START DATA PROVIDED

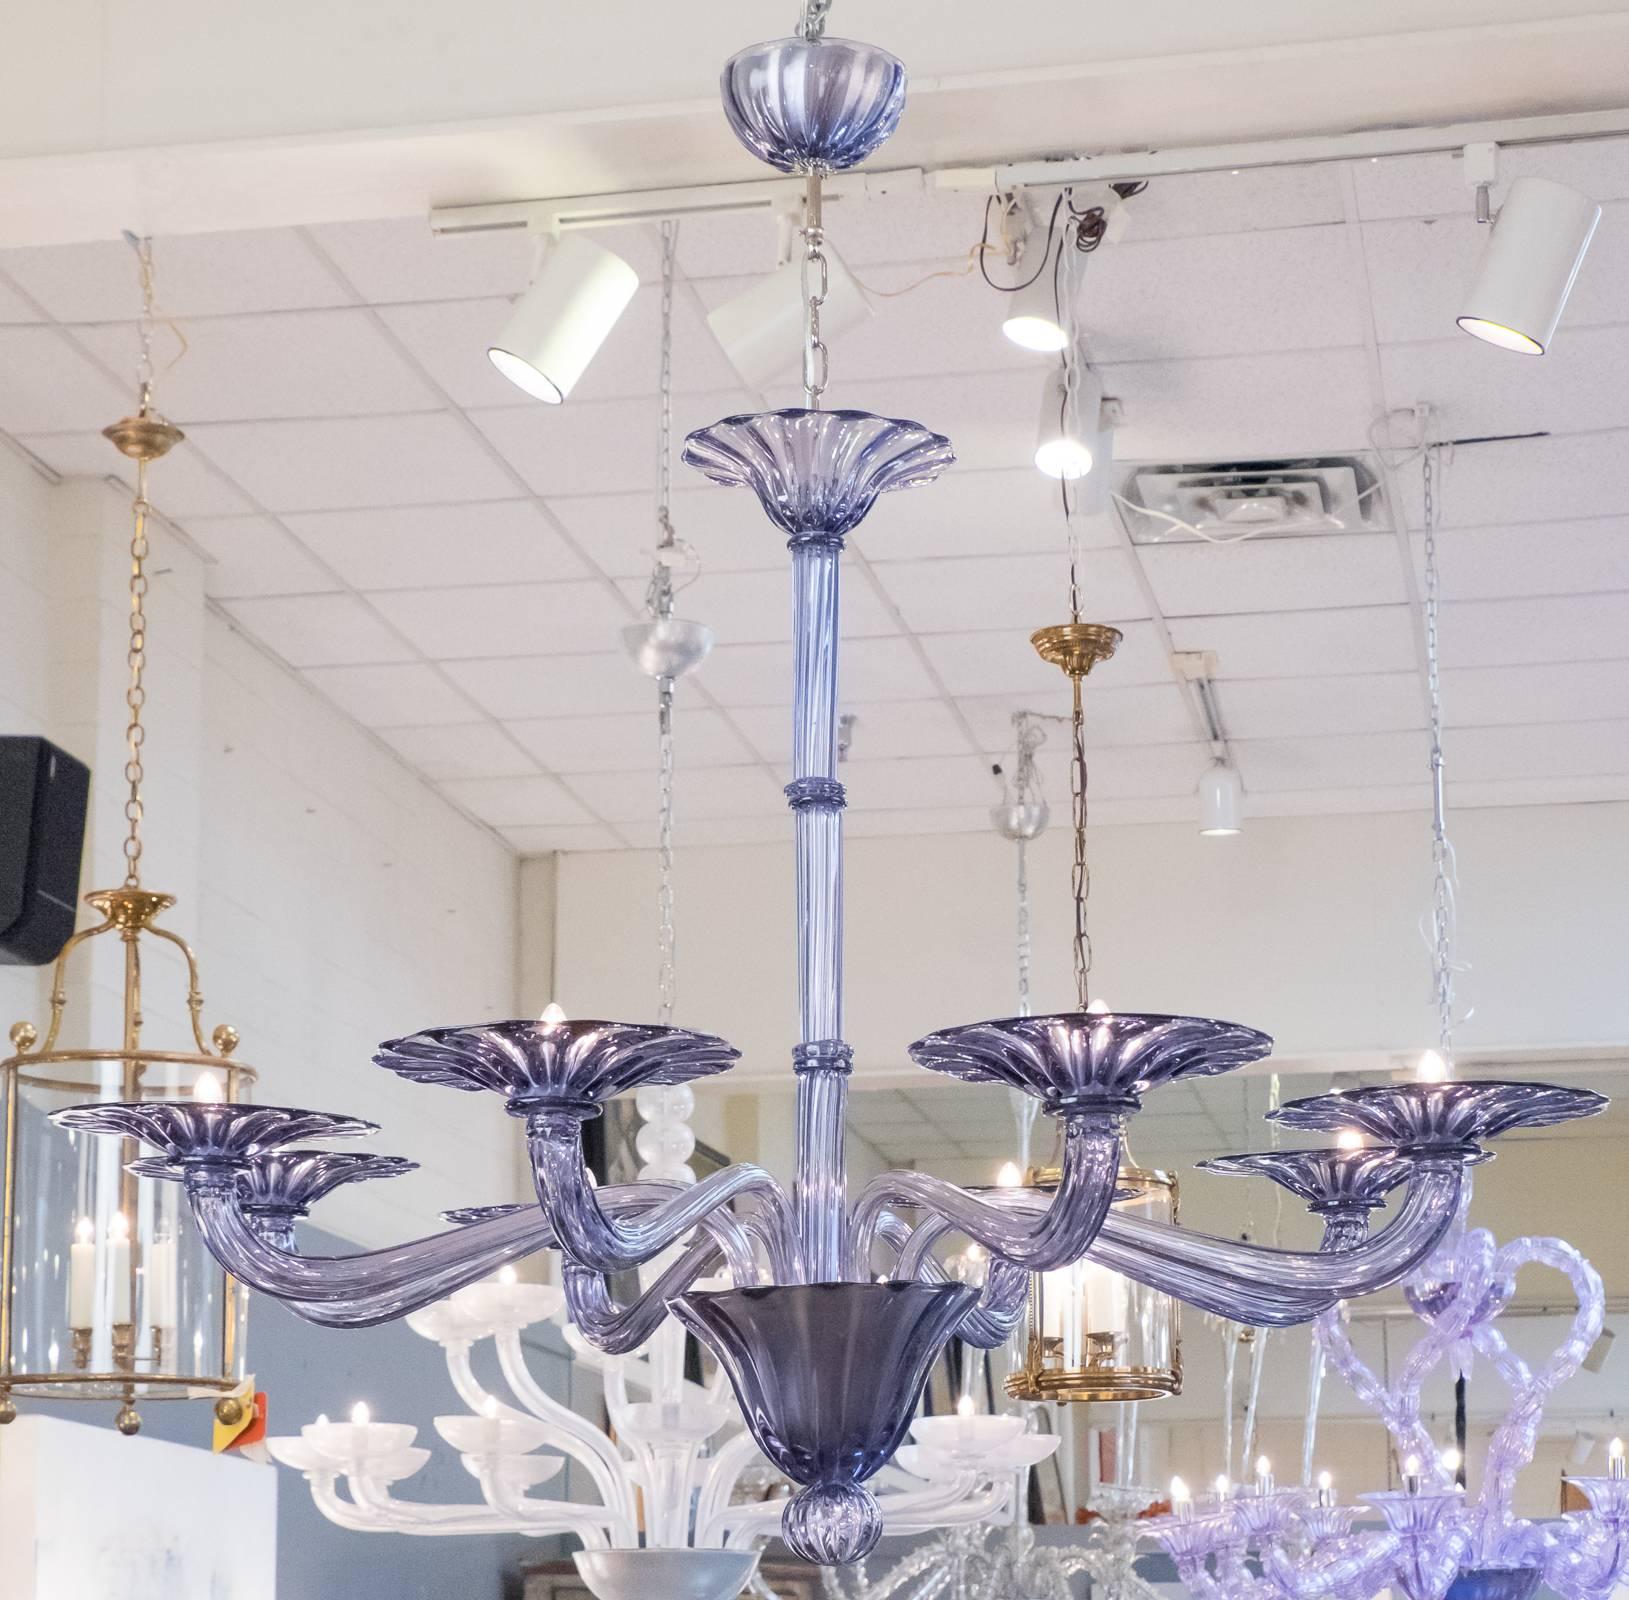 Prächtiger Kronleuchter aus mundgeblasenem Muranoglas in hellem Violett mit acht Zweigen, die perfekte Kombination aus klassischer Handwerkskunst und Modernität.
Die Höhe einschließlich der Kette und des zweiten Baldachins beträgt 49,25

END DATA PROVIDED
START DATA PROVIDED

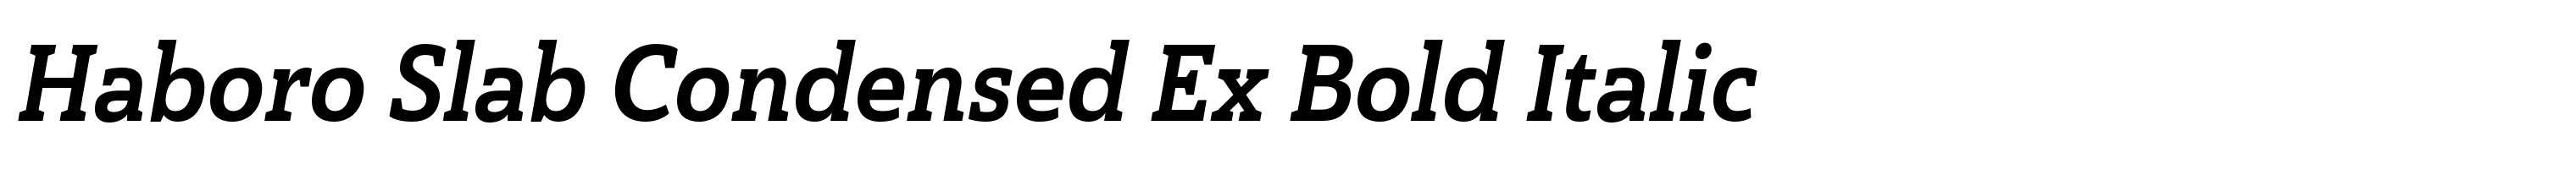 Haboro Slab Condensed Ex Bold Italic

END DATA PROVIDED

- YOUR INSTRUCTIONS: Could you repeat, exactly, only the lines above starting at the one that has "Prächtiger Kronleuchter aus" and stopping after the one that has "Die Höhe einschließlich", without the pictures?

- OUTPUT FOR THIS EXERCISE:
 Prächtiger Kronleuchter aus mundgeblasenem Muranoglas in hellem Violett mit acht Zweigen, die perfekte Kombination aus klassischer Handwerkskunst und Modernität.
Die Höhe einschließlich der Kette und des zweiten Baldachins beträgt 49,25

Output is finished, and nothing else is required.